On my mind today

One of the marks of a good leader, my father said, was the capacity to encourage others to make full use of their talents and to make others grow into their gifts. It’s not about having the loudest voice or being the most visible, it’s about thinking on how we can help others discover and become their best selves.

My Mom also used to tell me that the sign of being a good teacher was when your student outgrows you and no longer needs you.

I think about these things because one of the writers who came to attend the six week workshop I gave for Other Futures (and who I’ve been mentoring a bit since then), was accepted to the Clarion Workshop. It is quite a milestone moment and I feel like a proud mama bird watching a fledgling spread their wings.

Last Saturday, I got to do one of the things that brings me joy. I got to work with young people again. This is a thank you to Lana Jelenjev and the Neurodiversity Foundation for inviting me to give a workshop to young people between the ages of 11-17 as part of celebrating Neurodiversity pride day.

There’s something about the way young people approach the act of creating together that makes me so hopeful.
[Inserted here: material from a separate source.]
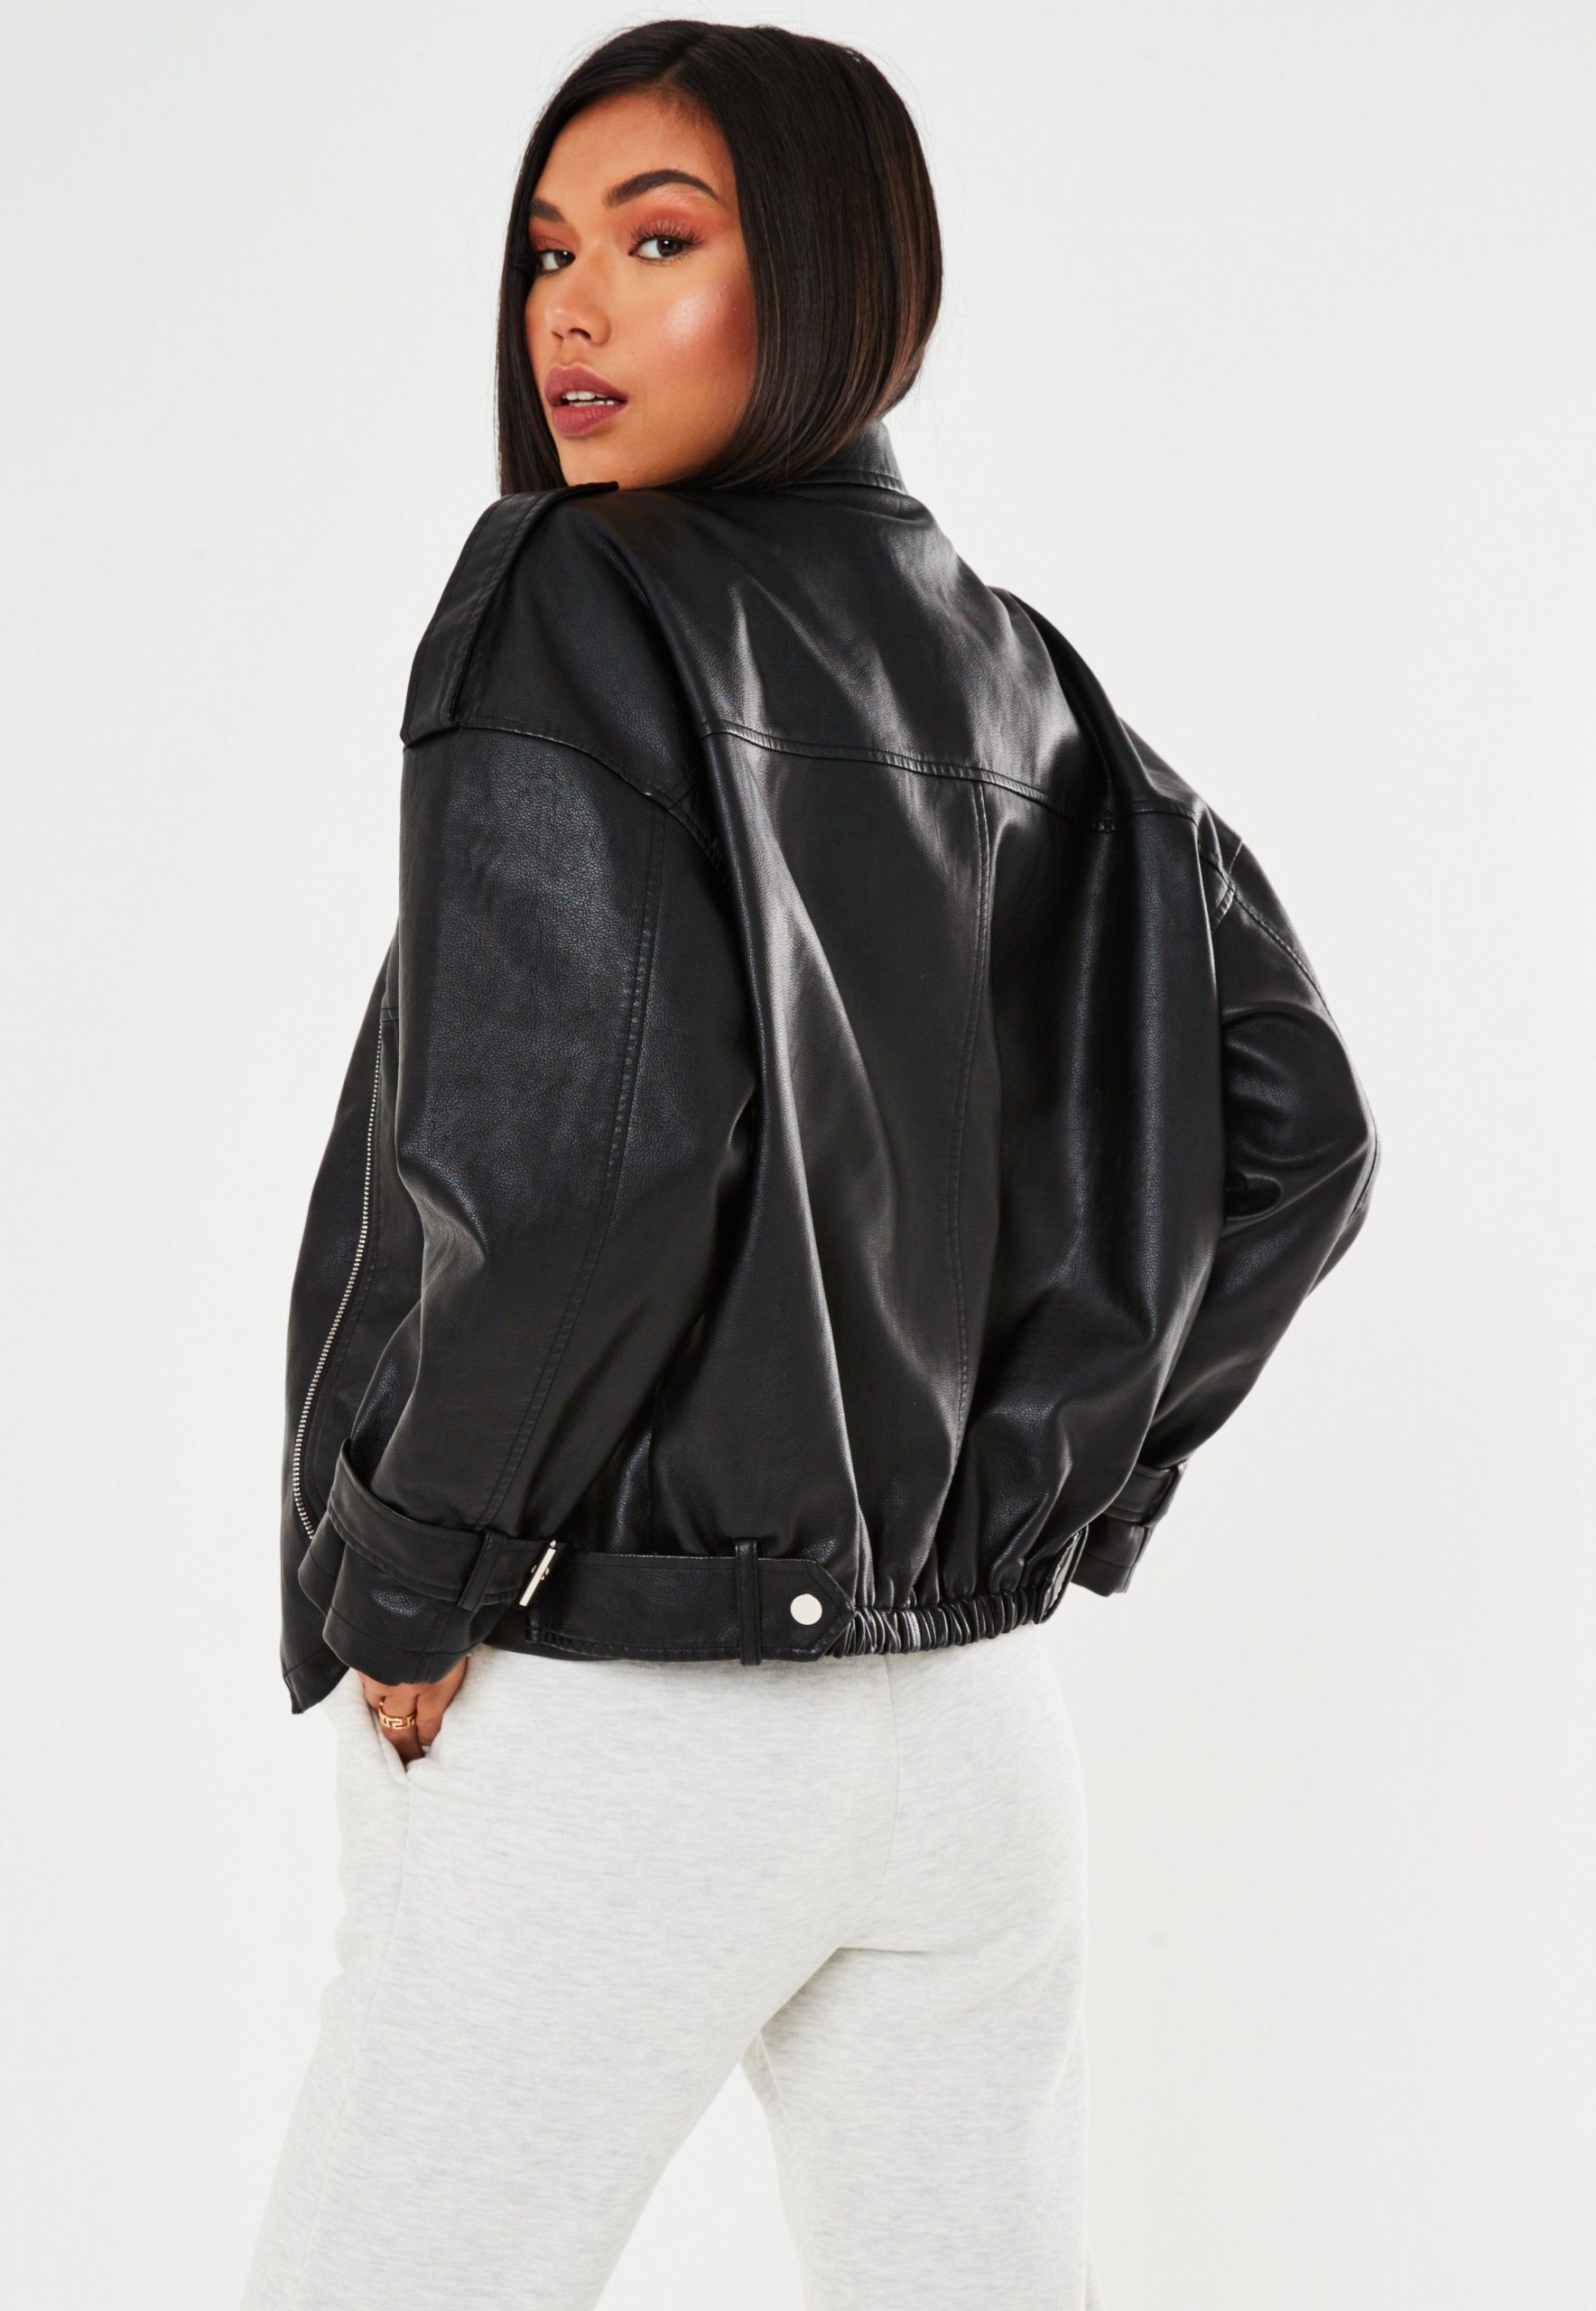 Oversized Leather Jacket – careyfashion.com

I saw the will to encourage one another, the willingness to compromise and make space for each other, and the readiness to help when the other person gets stuck. As Lana’s husband said afterwards, we could all learn a lot just by watching the kids work together.
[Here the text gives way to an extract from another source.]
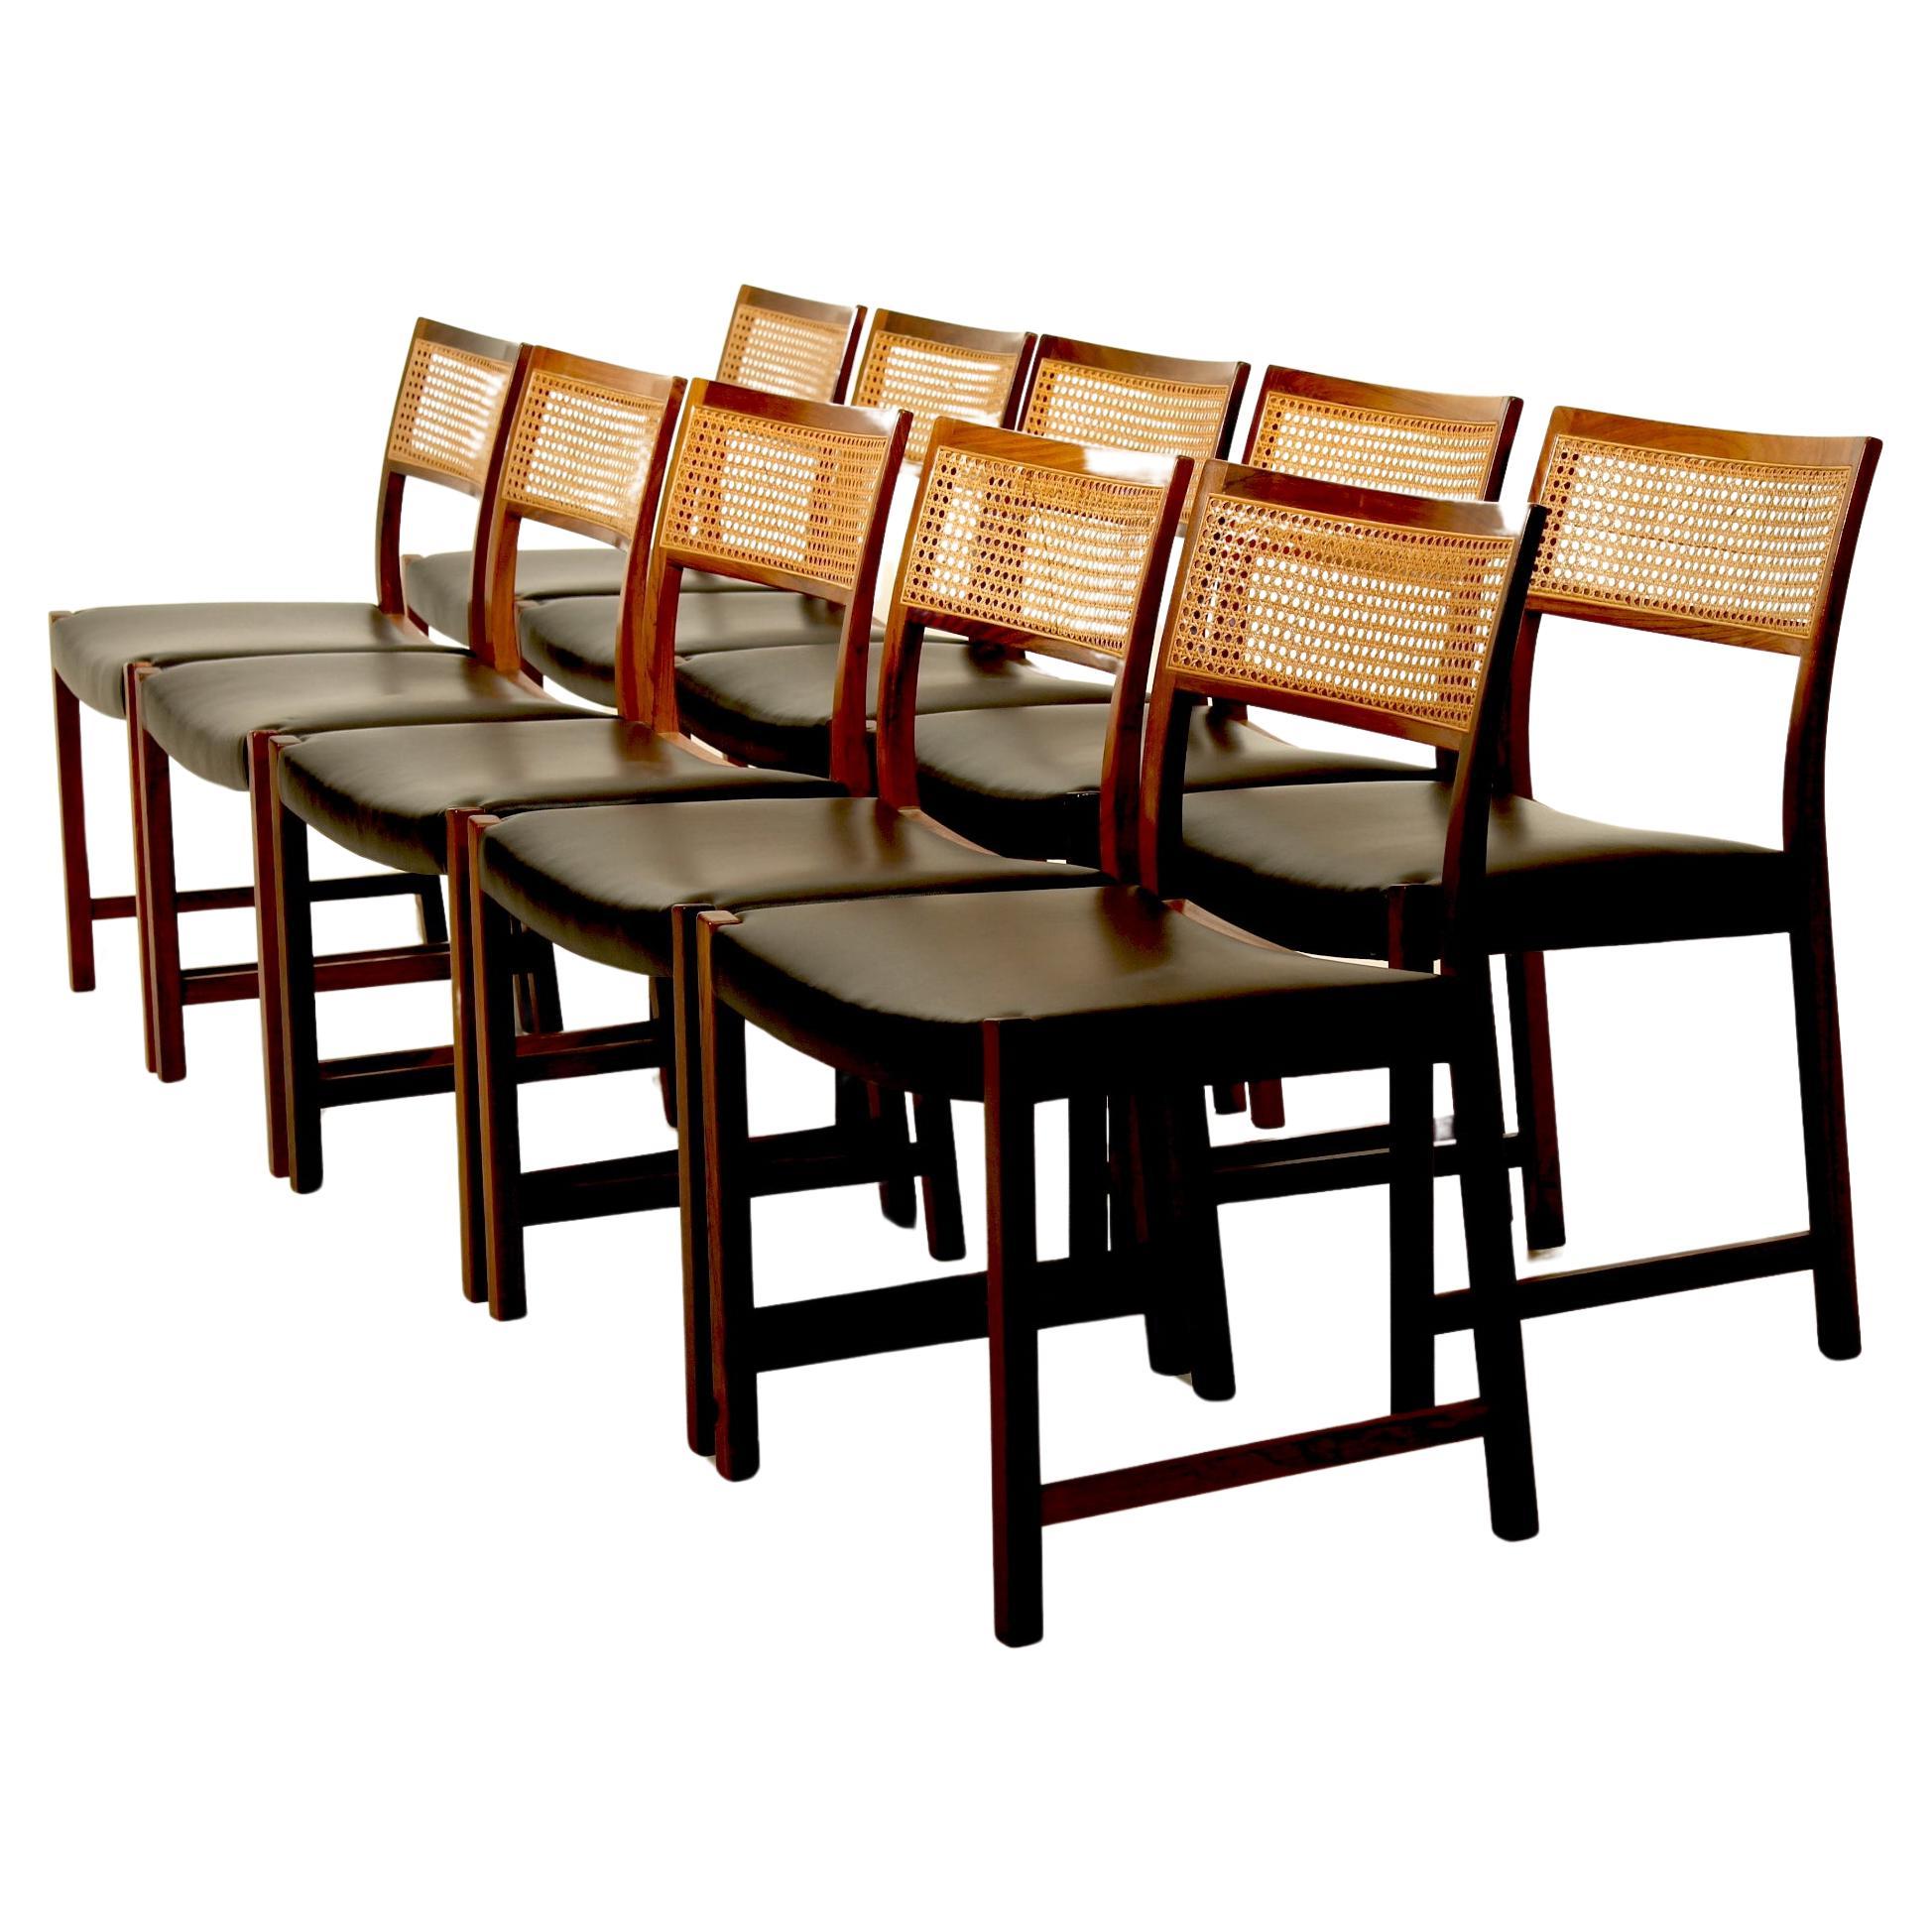 Set of 10 original vintage side chairs by Illum Vikkelsø, Denmark. For Sale

It makes me think of how we all have that capacity to create and work together within us. Maybe it’s just that some of us didn’t know that we could just go about it, or we’ve been so programmed with this idea of individualism (mine is mine and yours is yours), we’ve been trained to think so much in boxes that we forget the joy of collaborating. And then, there is this soul-killing thing which I’ve sometimes observed in the grown up world where people think the important thing is to be better than someone else, win the most awards, have the most fans, make the most money, sell the most books…that sort of thing.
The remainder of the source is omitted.